/curator

Primary LanguagePythonOtherNOASSERTION

Curator: Efficient Indexing for Multi-Tenant Vector Databases

Curator is an in-memory vector index tailored for multi-tenant queries that simultaneously achieves low memory overhead and high query performance. Curator indexes each tenant’s vectors with a tenant-specific clustering tree and encodes these trees compactly as sub-trees of a shared clustering tree. Each tenant’s clustering tree dynamically adapts to its unique vector distribution, while maintaining a low per-tenant memory footprint.
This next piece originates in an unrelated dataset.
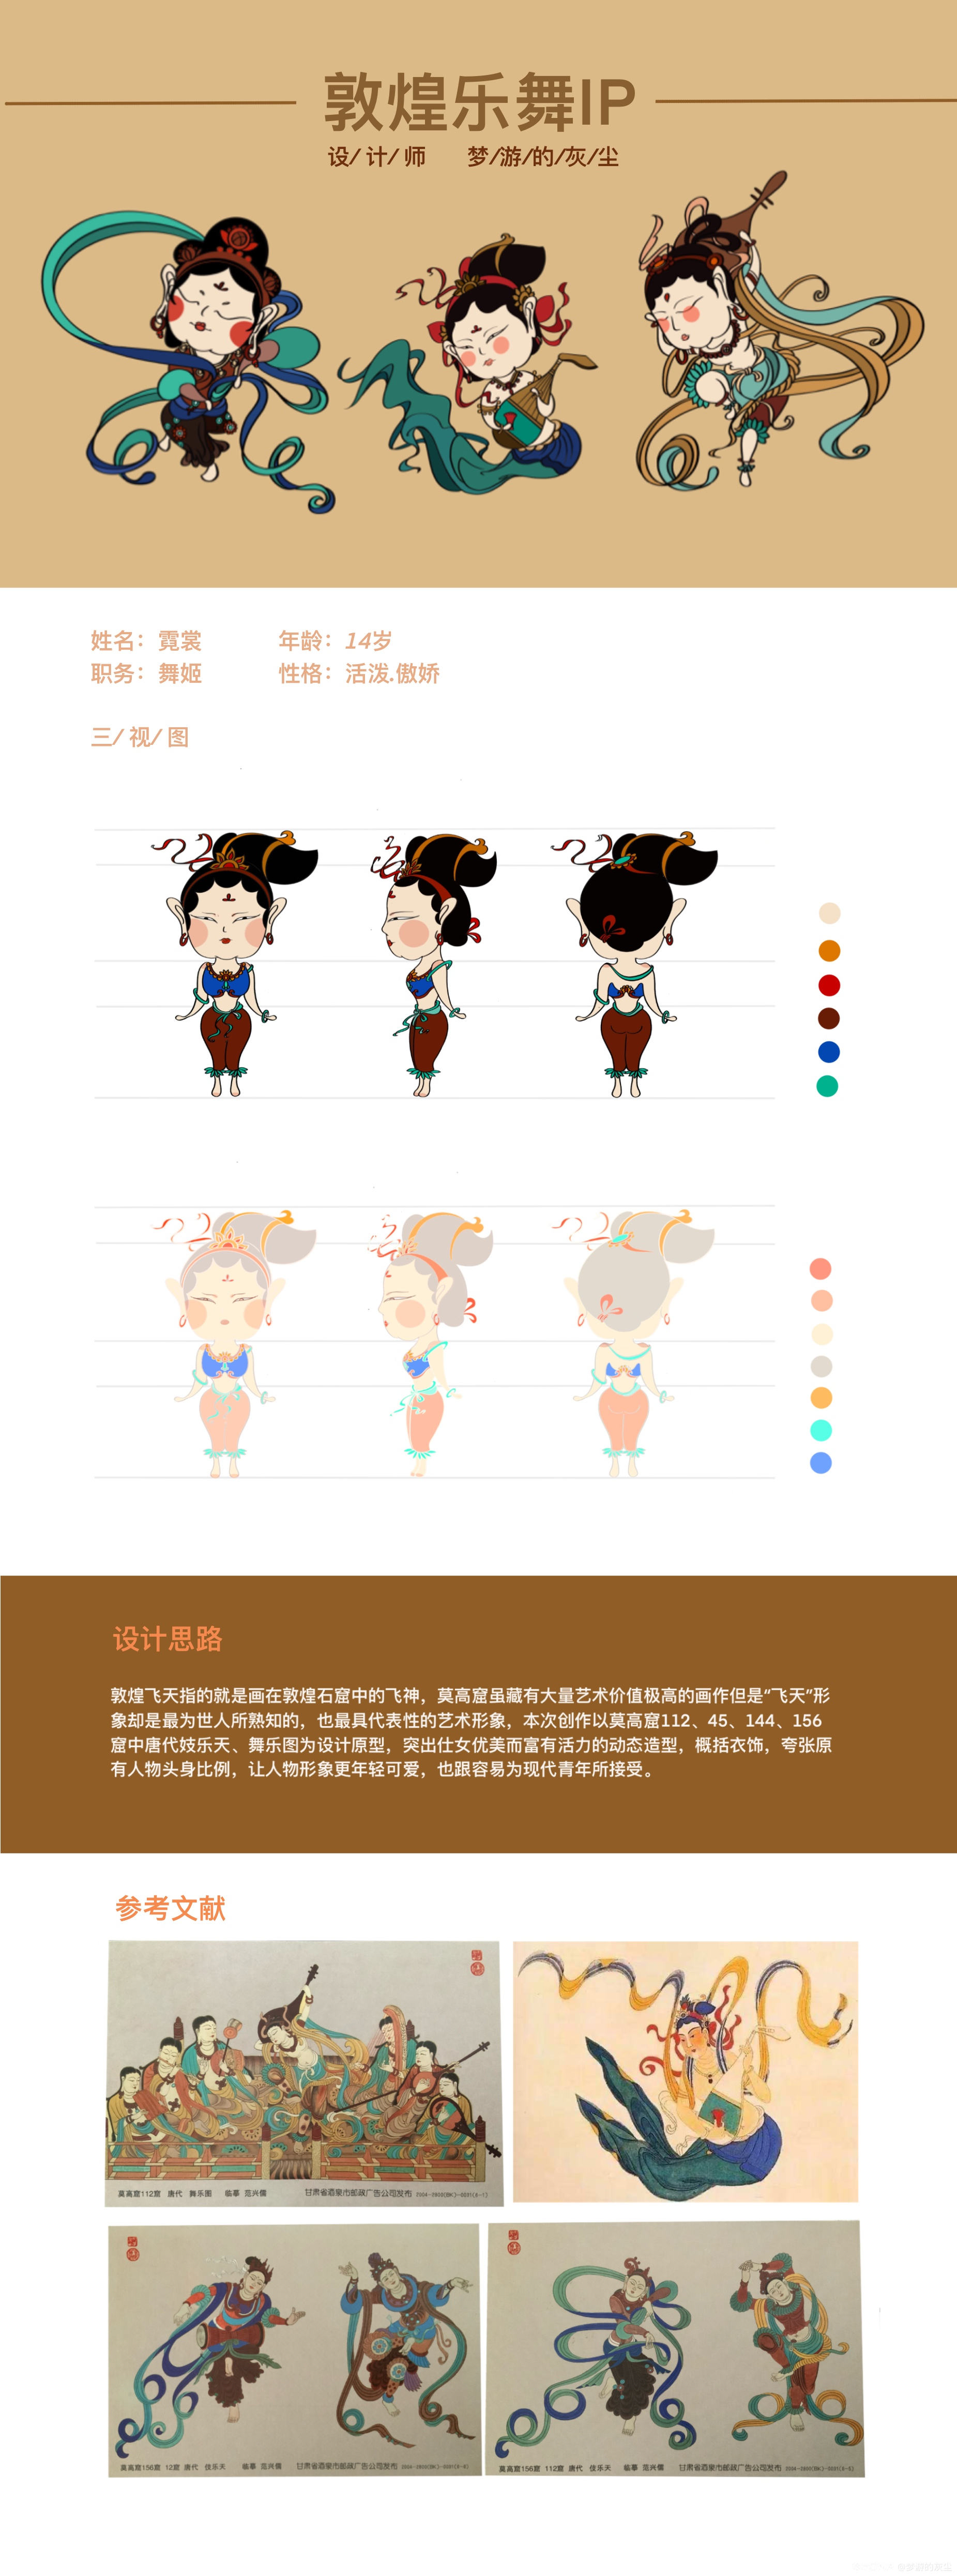 甘肃省旅游形象IP设计--- 霓裳羽衣 图1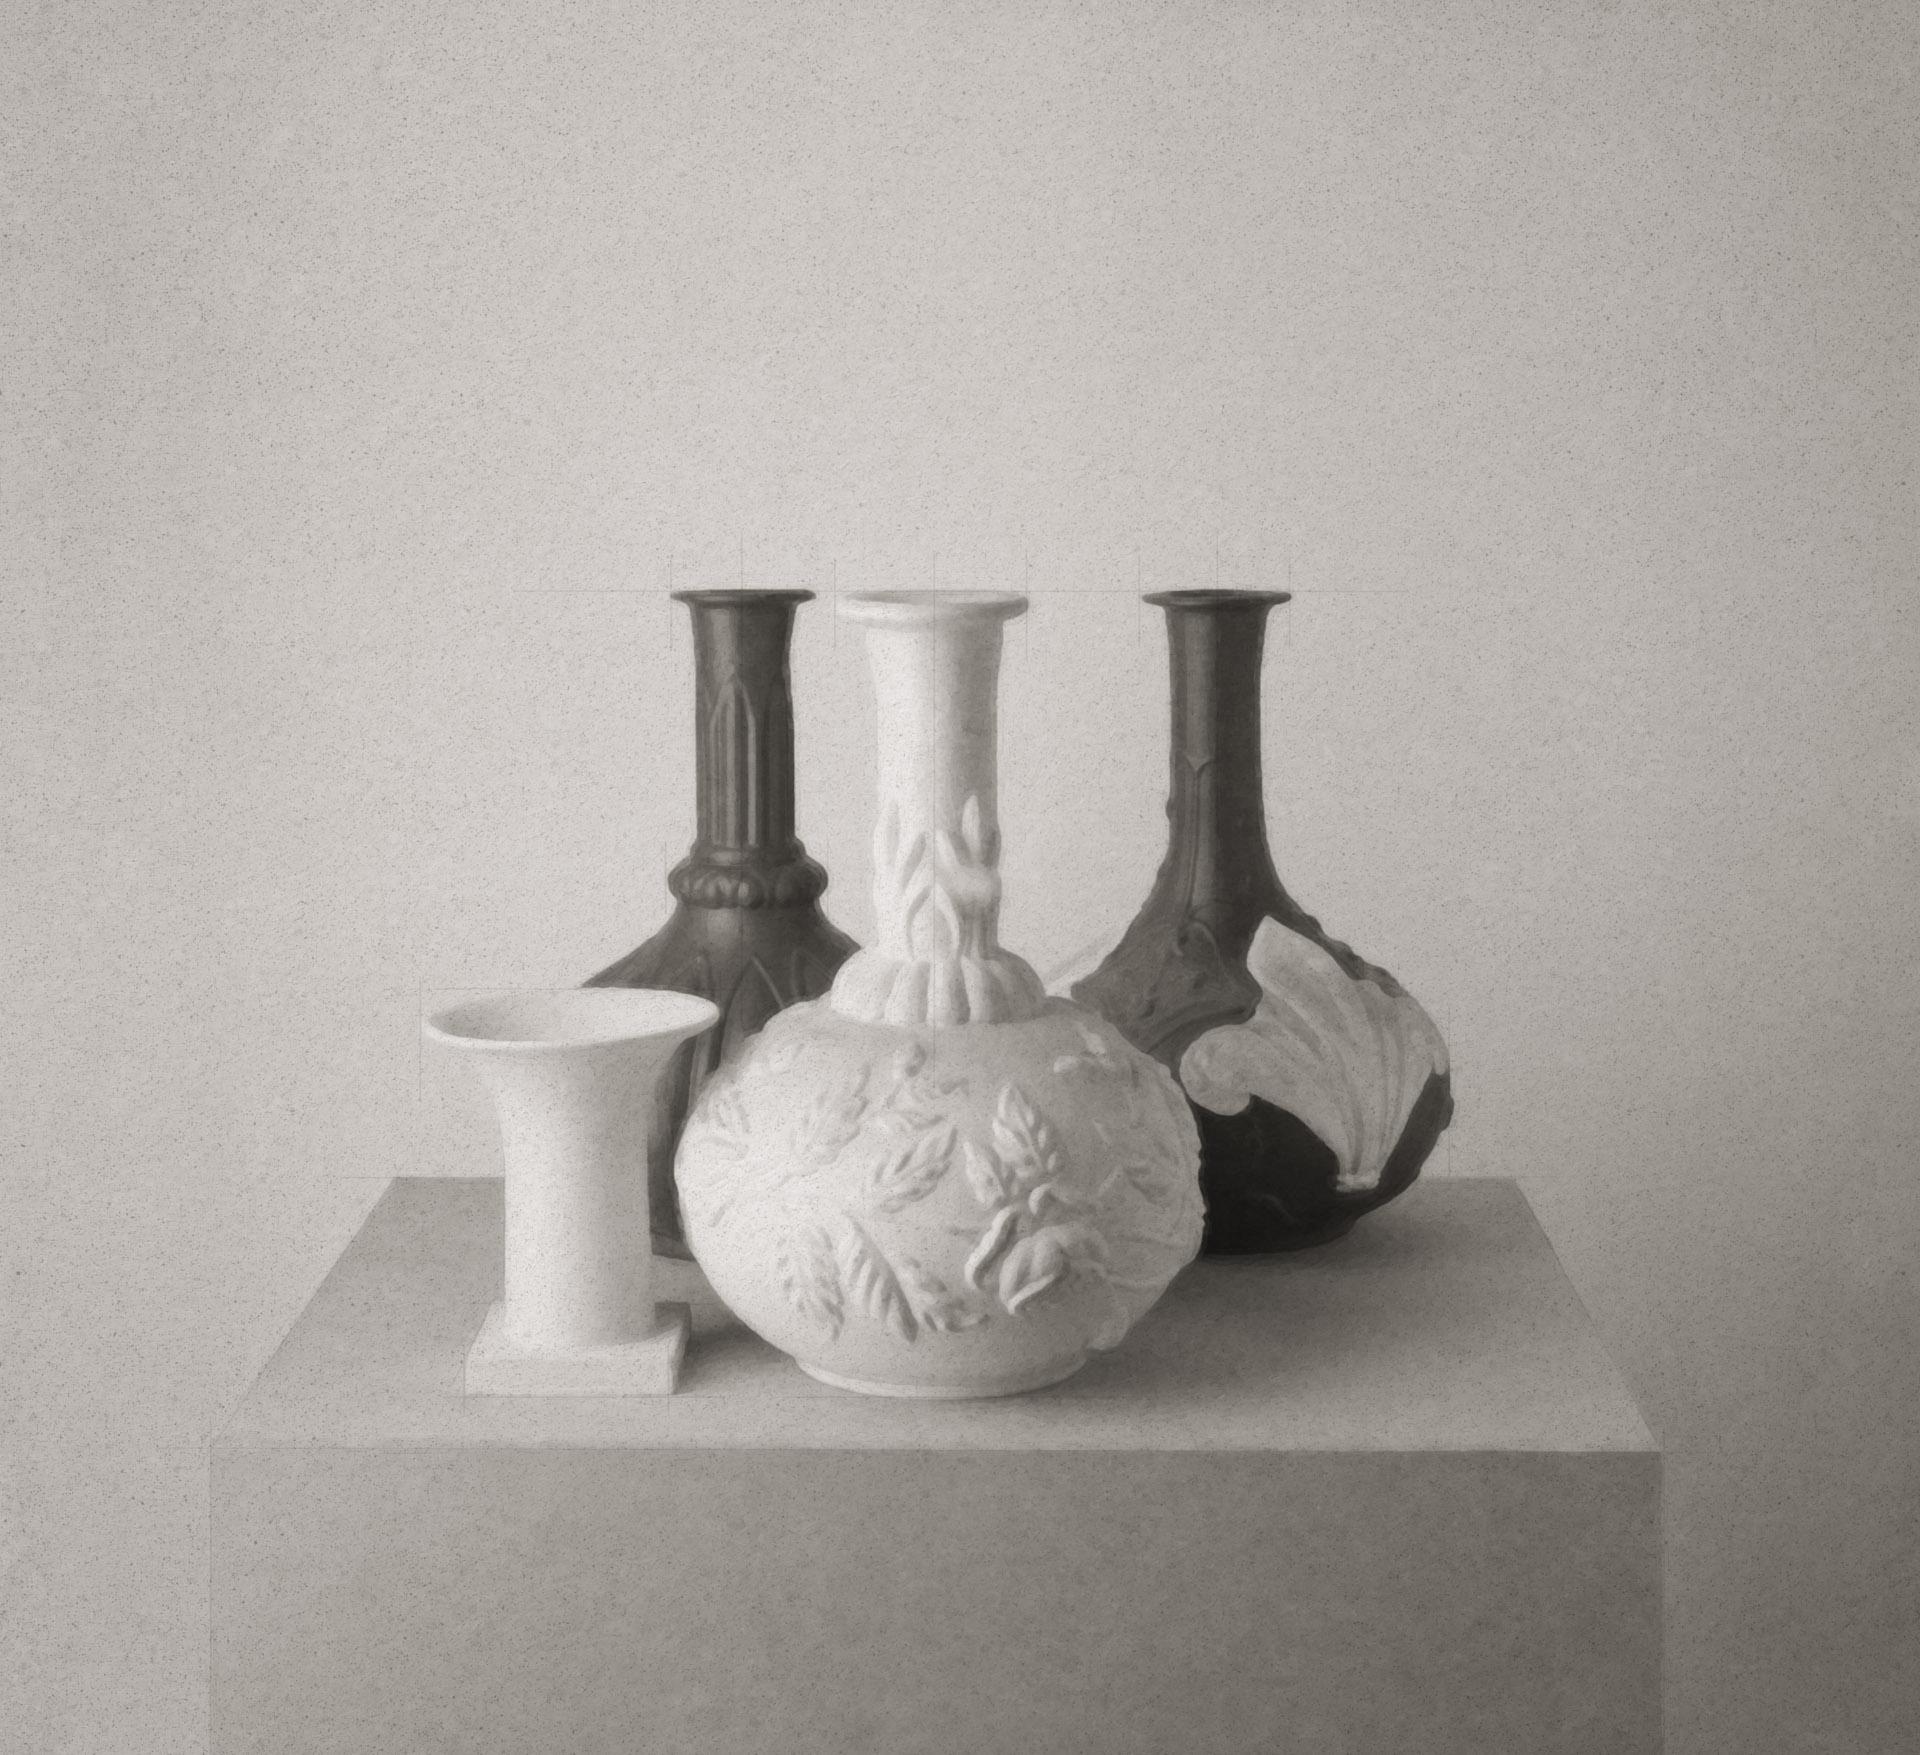 Morandi on a Pedestal 185

Please refer to our paper for more details: Curator: Efficient Indexing for Multi-Tenant Vector Databases.

Repository Structure

  • 3rd_party/faiss: C++ impl of Curator and baselines

    • MultiTenantIndexIVFHierarchical.cpp: Curator
    • MultiTenantIndexIVFFlat.cpp: IVF with metadata filtering
    • MultiTenantIndexIVFFlatSep.cpp: IVF with per-tenant indexing
    • MultiTenantIndexHNSW.cpp: HNSW with metadata filtering
  • indexes: Python API for indexes

    • ivf_hier_faiss.py: Curator
    • ivf_flat_mt_faiss.py: IVF with metadata filtering
    • ivf_flat_sepidx_faiss.py: IVF with per-tenant indexing
    • hnsw_mt_hnswlib.py: HNSW with metadata filtering
    • hnsw_sepidx_hnswlib.py: HNSW with per-tenant indexing
  • dataset: code for evaluation datasets

    • arxiv_dataset.py: arXiv dataset
    • yfcc100m_dataset.py: YFCC100M dataset
    • randperm_dataset.py: synthetic dataset with randomized access metadata (used in ablation study)
  • benchmark: code for running benchmarks

  • scripts: scripts for running experiments

    • run_ablation.sh: run ablation study experiments
    • run_mt_search.sh: run multi-threaded search experiments
    • run_overall_exp.sh: evaluate overall performance of indexes (query, insert, delete, index size)
    • run_param_sweep.sh: run parameter sweep experiments
  • plotting: results of experiments and scripts for plotting

How to Use

Install Dependencies

We assume that you have installed Anaconda. To install the required Python packages, run the following command:

conda env create -f environment.yml -n ann_bench
conda activate ann_bench

Build from Source

cd 3rd_party/faiss

cmake -B build . \
  -DFAISS_ENABLE_GPU=OFF \
  -DFAISS_ENABLE_PYTHON=ON \
  -DCMAKE_BUILD_TYPE=Release \
  -DFAISS_OPT_LEVEL=avx2 \
  -DBUILD_TESTING=ON

make -C build -j32 faiss_avx2
make -C build -j32 swigfaiss_avx2
cd build/faiss/python
python setup.py install

Generate Datasets

mkdir -p data/yfcc100m
yfcc100m_base_url="https://dl.fbaipublicfiles.com/billion-scale-ann-benchmarks/yfcc100M"
wget -P data/yfcc100m ${yfcc100m_base_url}/base.10M.u8bin
wget -P data/yfcc100m ${yfcc100m_base_url}/base.metadata.10M.spmat

mkdir -p data/arxiv
# manually download arxiv dataset from https://www.kaggle.com/datasets/Cornell-University/arxiv
# and put it at data/arxiv/arxiv-metadata-oai-snapshot.json

python -m dataset.yfcc100m_dataset
python -m dataset.arxiv_dataset

Build Docker Image

# Download the cuda-keyring package for updating the CUDA linux GPG repository key
# https://developer.nvidia.com/blog/updating-the-cuda-linux-gpg-repository-key/
# Please replace $distro and $arch with your own distro and arch
wget https://developer.download.nvidia.com/compute/cuda/repos/$distro/$arch/cuda-keyring_1.0-1_all.deb
sudo docker build --rm -t ann-bench .

Run Benchmarks

Please refer to scripts in scripts folder for details. For example, to evaluate Curator on YFCC100M dataset, run the following command:

python=$(which python)  # assuming conda env is activated

sudo ${python} \
run_parallel_exp.py run_curator_overall_exp \
  --dataset yfcc100m \
  --cpu-limit 0 \
  --mem_limit 20000000000 \
  --num_runs 1